Several cardiovascular diseases are accompanied by changes in the morphology of the heart and/or blood vessels that increase morbidity and mortality, including: (1) increased wall-to-lumen ratio in blood vessels (associated with hypertension), (2) concentric cardiac hypertrophy (also associated with hypertension), (3) eccentric cardiac hypertrophy and fibrosis (associated with congestive heart failure and myocardial infarction), and (4) thickening of the intimal surface of the blood vessel wall (associated with atherosclerosis and angioplasty). The renin-angiotensin system, particularly AngII, may contribute importantly to these deleterious structural changes.
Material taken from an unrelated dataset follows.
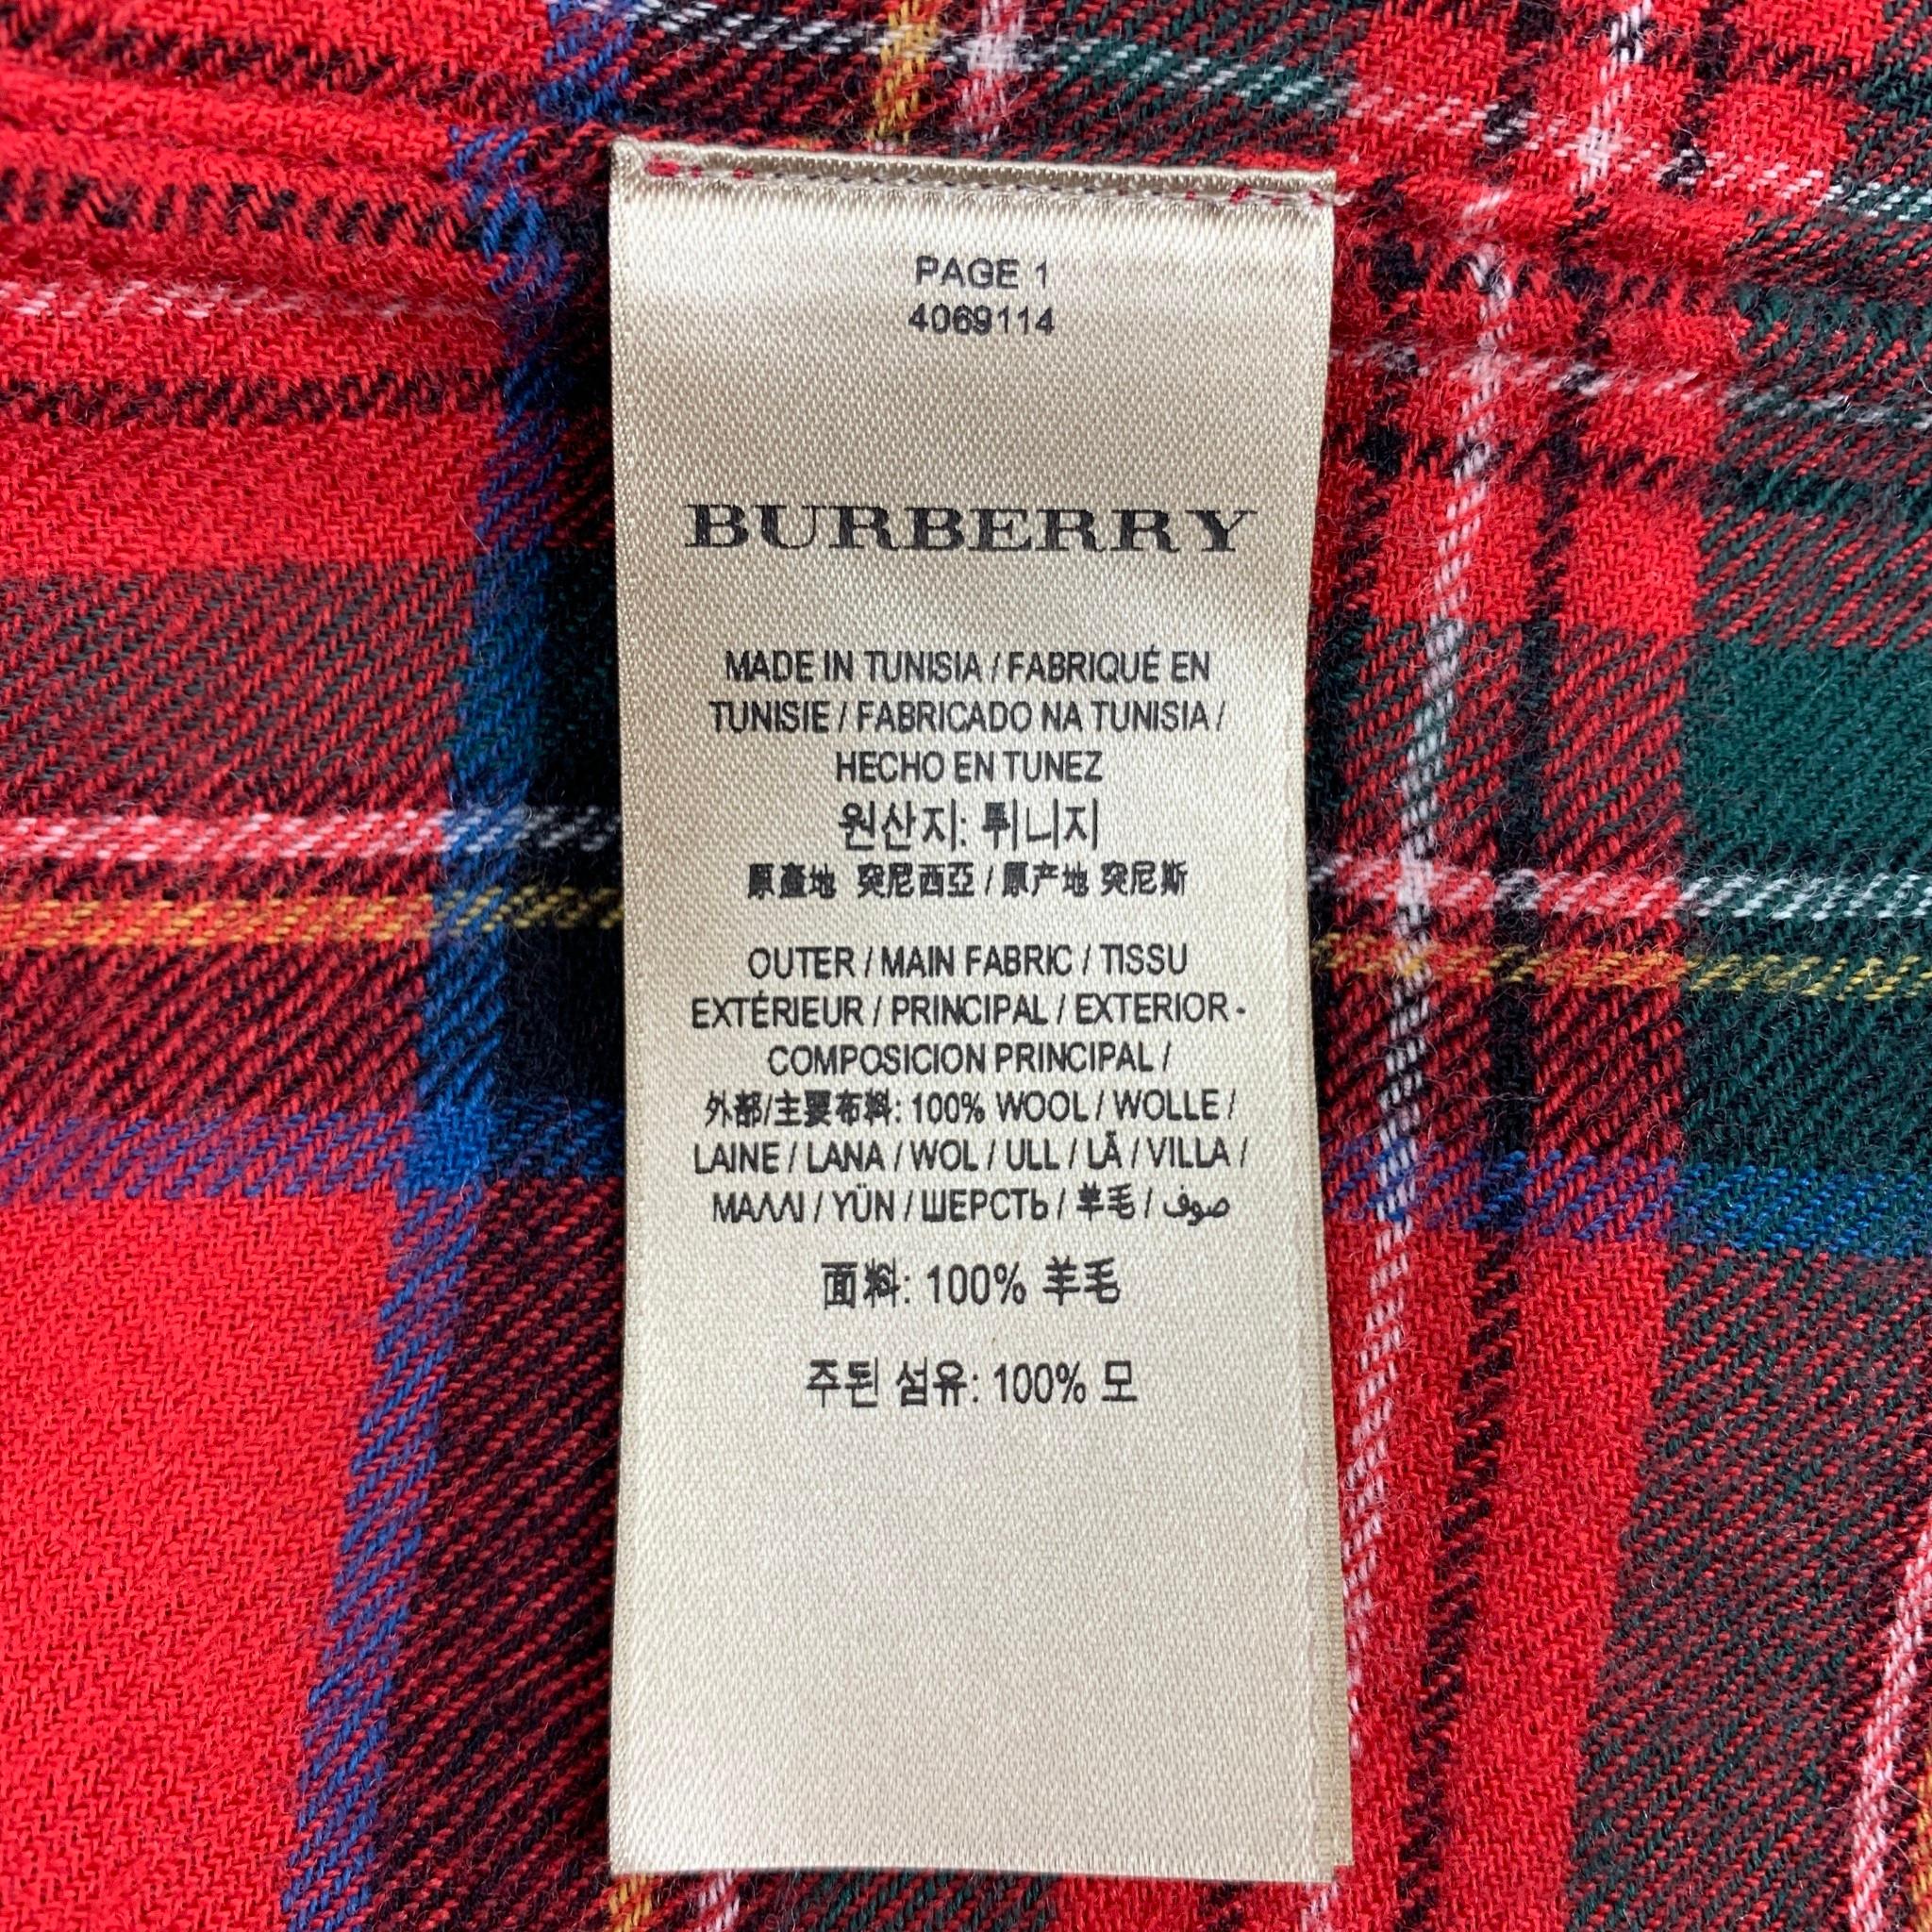 red burberry shirt

AngII stimulates migration, proliferation, hypertrophy, and/or synthetic capacity of vascular smooth muscle cells, cardiac myocytes, and fibroblasts.

In addition to these direct cellular effects of AngII on cardiovascular structure, changes in cardiac preload (volume expansion owing to Na+ retention) and afterload (increased arterial blood pressure) probably contribute to cardiac hypertrophy and remodeling. Hypertension also contributes to hypertrophy and remodeling of blood vessels.

ROLE OF THE RENIN-ANGIOTENSIN SYSTEM IN LONG-TERM MAINTENANCE OF ARTERIAL BLOOD PRESSURE DESPITE EXTREMES IN DIETARY Na+ INTAKE Blood pressure is a major determinant of Na+ excretion, as illustrated graphically by plotting urinary Na+ excretion versus mean arterial blood pressure (Figure 30-5), a plot known as the renal pressure-natriuresis curve. Chronically, Na+ excretion must equal Na+ intake; therefore, the set point for long-term levels of blood pressure will be the intersection of a horizontal line representing Na+ intake with the renal pressure-natriuresis curve. If the renal pressure-natriuresis curve were fixed, then over the long-term, arterial blood pressure would be greatly affected by dietary Na+ intake. However, the renin-angiotensin system plays a major role in maintaining a constant set point for long-term levels of arterial blood pressure despite extreme changes in dietary Na+ intake (Figure 30-5). When dietary Na+ intake is low, renin release is stimulated, and AngII acts on the kidneys to shift the renal pressure-natriuresis curve to the right; when dietary Na+ is high, renin release is inhibited, and the withdrawal of AngII shifts the renal pressure-natriuresis curve to the left. Consequently, despite large swings in dietary Na+ intake, the intersection of salt intake with the renal pressure-natriuresis curve remains near the same set point. When modulation of the renin-angiotensin system is blocked by drugs, changes in salt intake markedly affect blood pressure.